While the basic and higher rate of tax hasn’t risen, the decision to freeze the thresholds until 2028 will see many of us paying more tax.

That’s because as wages rise with inflation, more of us will be hit by higher tax bands. Supposing earnings rise by 5% a year over the next five years, someone earning £35,000 today would be more than £2000 worse off over the five-year period.

For £50,000 earners today, there is a double whammy, because any rise in their earnings will also take them into the higher rate 40% tax band. If their salary went up by 5% a year, they would be almost £10,000 poorer over the five-year period.

The only good news is that national insurance, which is like a top-up to income tax, went up last April but has gone back down again in November, so employees typically pay 12% and the self-employed 9%.

The bottom line is that the average graduate earning £27,000 is £15 a month better off, while a £50,000 earner is £40 a month better off than they were between April and November.

How can we stop fiscal drag being, well, such a drag?

  1. Firstly, use calculators to work out your take-home pay. You can use The Salary Calculator Link opens in a new window to get a handle on how much money you’re really taking home every week or every month. While doing this won’t magic up more money for you, at least you’ll know what you’re dealing with.
  2. Secondly, have a look at salary sacrifice. This is where, as the name suggests, you can sacrifice some of your salary for a valuable non-cash benefit like a company car or a cycle to work scheme, or higher pension contributions. Your income will be nominally lower for tax purposes and your employer won’t pay as much in national insurance, giving them a big incentive to support it. They might even bump up their contribution to your workplace pension with the savings so it’s an option well worth considering.
  3. Thirdly, make the most of all your tax-free allowances. For example, you can transfer up to £1,260 of your Personal Allowance to your husband, wife or civil partner. This can reduce tax by up to £252 over the tax year.

Saving and Investing

Higher interest rates are at least a boon for savers, with banks now offering their best rates for a decade. It’s now possible once more to earn 2% to 3% for easy access and 4% on bonds with the right accounts, after years of rock-bottom rates. Hurrah!

We all have a personal savings allowance which means £2000 can be earned in interest tax-free each year. That was left untouched in the autumn statement. But for anyone with shares, dividends will be taxed less generously.

The dividend allowance was introduced in 2017 to help savers and set at £5,000. It’s now at £2,000, which covered most people’s dividend income. But it will be halved to £1,000 in April and then halved again to £500 in April 2024, catching a lot more in the tax net.

There’s a similarly drastic cut in the capital gains tax allowance, from the current £12,300 to £6,000 in April 2023 and £3,000 in April 2024. That could affect second home-owners.

Inheritance tax (IHT) thresholds are also frozen, which means the tax begins on properties above £325,000. However, a couple can potentially pass on a £1m property without leaving any liability. The level has been unchanged since 2009.

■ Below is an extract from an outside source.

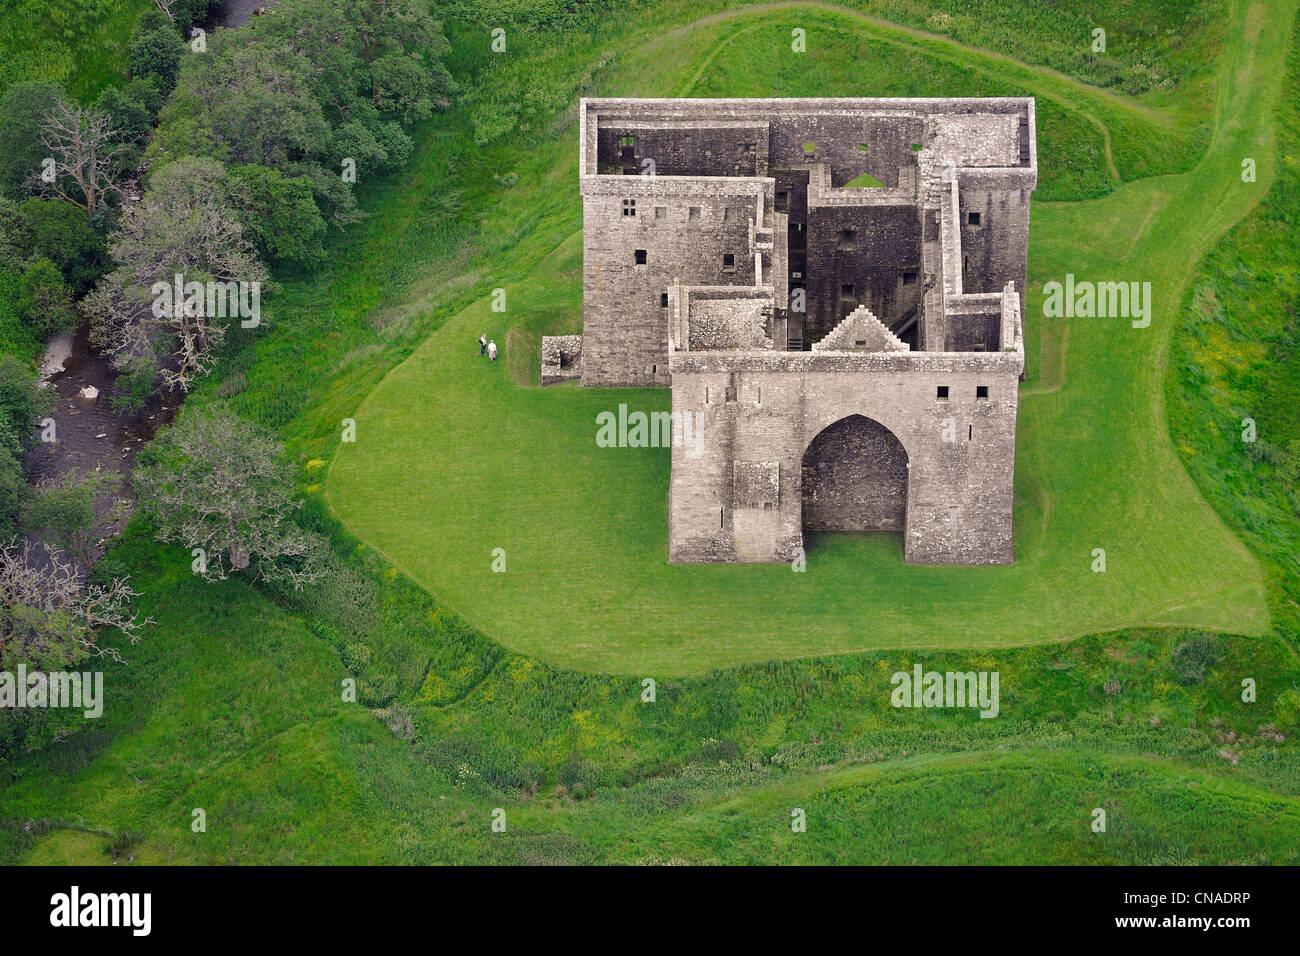 Royaume-uni, Ecosse, Frontières, Liddesdale Newcastleton, Château de l'Hermitage, construit aux xive et xve siècles (vue aérienne) Banque D'Images

Three ways to make the most of your savings, investments, and assets right now:

  1. Firstly, cherish your ISA allowance. The chopping of the dividend allowance makes your £20,000 tax-free allowance all the more important if you have an income-heavy portfolio in your stocks and shares Isa. Make sure you use yours every tax-year.
  2. Secondly, manage IHT (Inheritance tax) smartly. For example, you can give assets away during your lifetime without paying IHT more than seven years away from death. Putting assets in a trust also avoids IHT, and this could be a way to pass money to children/grandchildren once they reach 18, for instance. If you’re not sure about how to do this correctly and legally, speak to a financial adviser.